Why wasn't he just like other men? Why had Fate been so unkind? Giving her love, but in such a form that pride revolted from taking it.

Then Pansy went to bed, to lie awake for some time, brooding on the miracle the day had brought forth and the black barrier that stood between her and her lover.

She was about early the next morning and wandering in the garden.

It was a long stretch of shady walks and sunken ponds and splashing fountains, full of tropical trees, scented shrubs, and rare blossoms—a tangle of delights. In one spot she found a tennis court, walled with pink roses. The grounds went on, ending in a wide, flagged terrace, with stone seats and shallow steps leading down to the blue waters of the lake.

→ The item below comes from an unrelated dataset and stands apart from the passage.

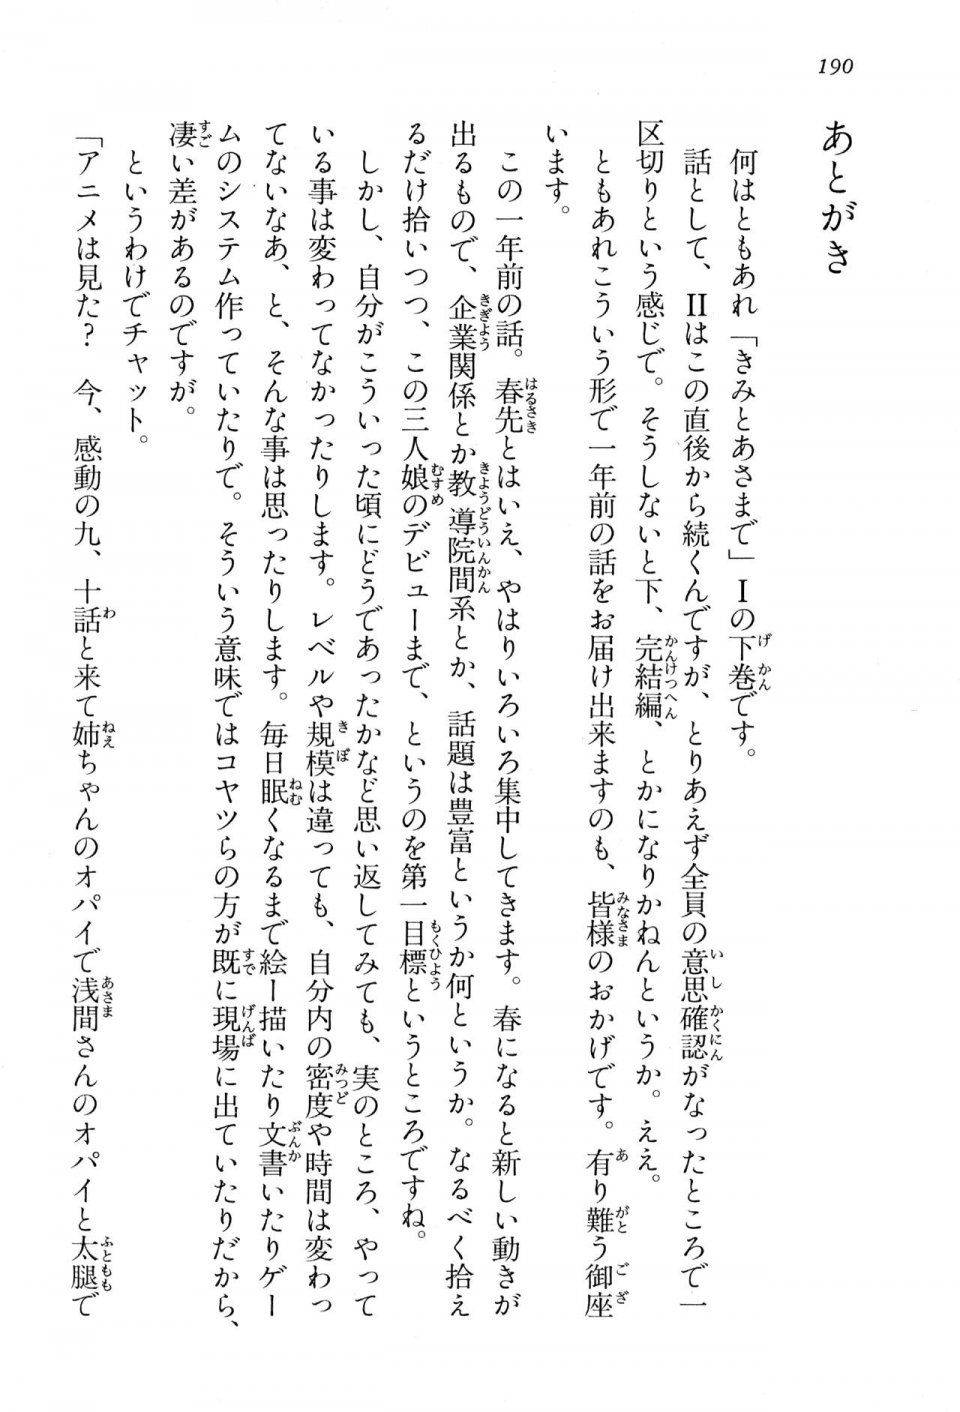 Kyoukai Senjou no Horizon BD Special Mininovel Vol 2(1B) - Photo #194
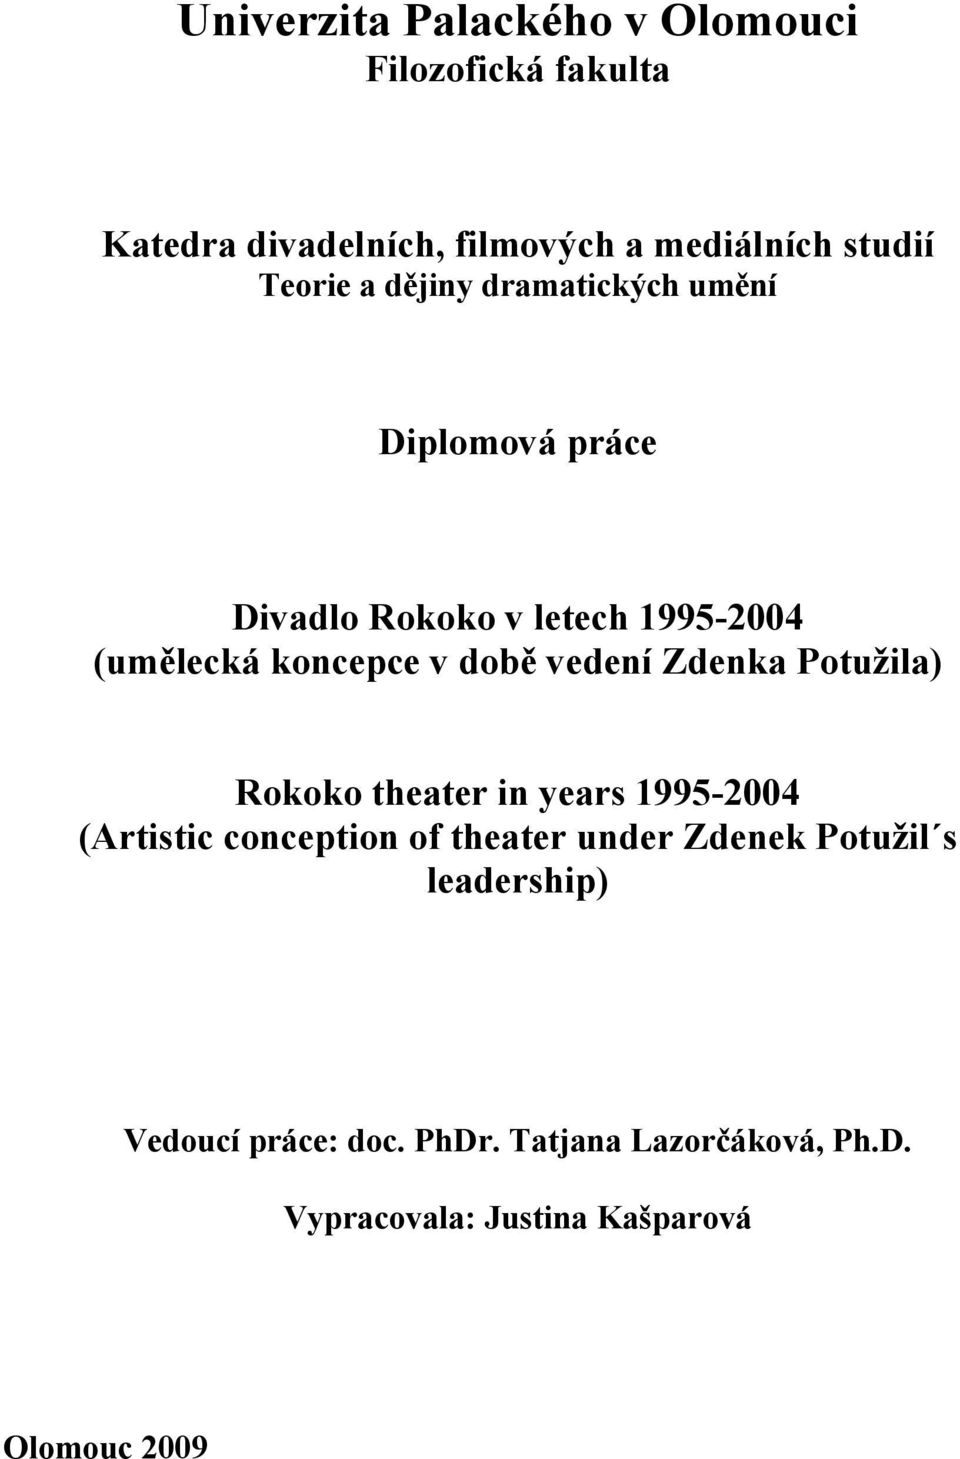 době vedení Zdenka Potužila) Rokoko theater in years 1995-2004 (Artistic conception of theater under Zdenek

High walls ran down either side of the spreading garden. Behind, a huge building rose in domes and turrets and terraces—the palace of El-Ammeh had Pansy but known it, of which her new quarters were but a further portion.

Blissfully ignorant of this fact, she turned her steps from the rippling lake and wandered along a flower-decked path that twisted under shady trees and creeper-grown arches, coming presently to a locked iron gate let into the massive walls.

It gave a view of a scorched paddock where a dozen or more horses were browsing.

Pansy paused and scanned the animals.

One was strangely familiar.

That gaunt chestnut browsing there could only be "The Sultan"!

Amazed at her discovery, she called the horse by name.

At once the brown head was up, and the beast came galloping in her direction.

Even in the days of her illness and during her imprisonment in the palace, Pansy had spared a thought for her protégé. She imagined he had become the property of one of the Arab raiders, and she hoped his new master would be kind to him and understand him as she did.

Through the iron bars Pansy caressed her pet.

"I never expected to see you again, Sultan, old boy," she said. "Raoul must have bought you, too."

She was standing there talking to and petting the animal when Le Breton's step roused her.

"Are you pleased to see him again?" he asked, after greeting her.

"Pleased isn't the word for it. But how did you manage to get hold of him?"

"He was really the cause of my getting hold of you," he replied without hesitation. "I saw him in the possession of one of the soldiers who had come back from that foray. That made me doubly certain who the white girl was whom the Sultan was going to put up for sale."

"Raoul, you must let me give you back all you had to pay for me," she said.

"Why should you?" he asked, a slight smile hovering about his lips. "You saved my life. Now we're 'quits.' Isn't that what you called it?"

Pansy did not argue the point. Nevertheless, she determined to repay him once she and her father were back in civilisation.

"How long will it take to get my father free?" she asked.

"It all depends on the sort of mood I catch the Sultan in. With the best of luck, it'll be some weeks."

"Has he got my note yet, do you think?" she asked anxiously. "He'll go grey with worrying over me. I can't bear to think of the look on his face when he saw me in that ... that awful slave market."

Le Breton had destroyed her message the moment he had reached his own rooms. Now he could not meet the beautiful eyes that looked at him with such perfect trust.

"I expect the message will get through before the day is out," he answered. "It's merely a matter of 'baksheesh.'"

At his words the world became quite a nice place again for Pansy, the only shadow in it now the dark blood in her lover.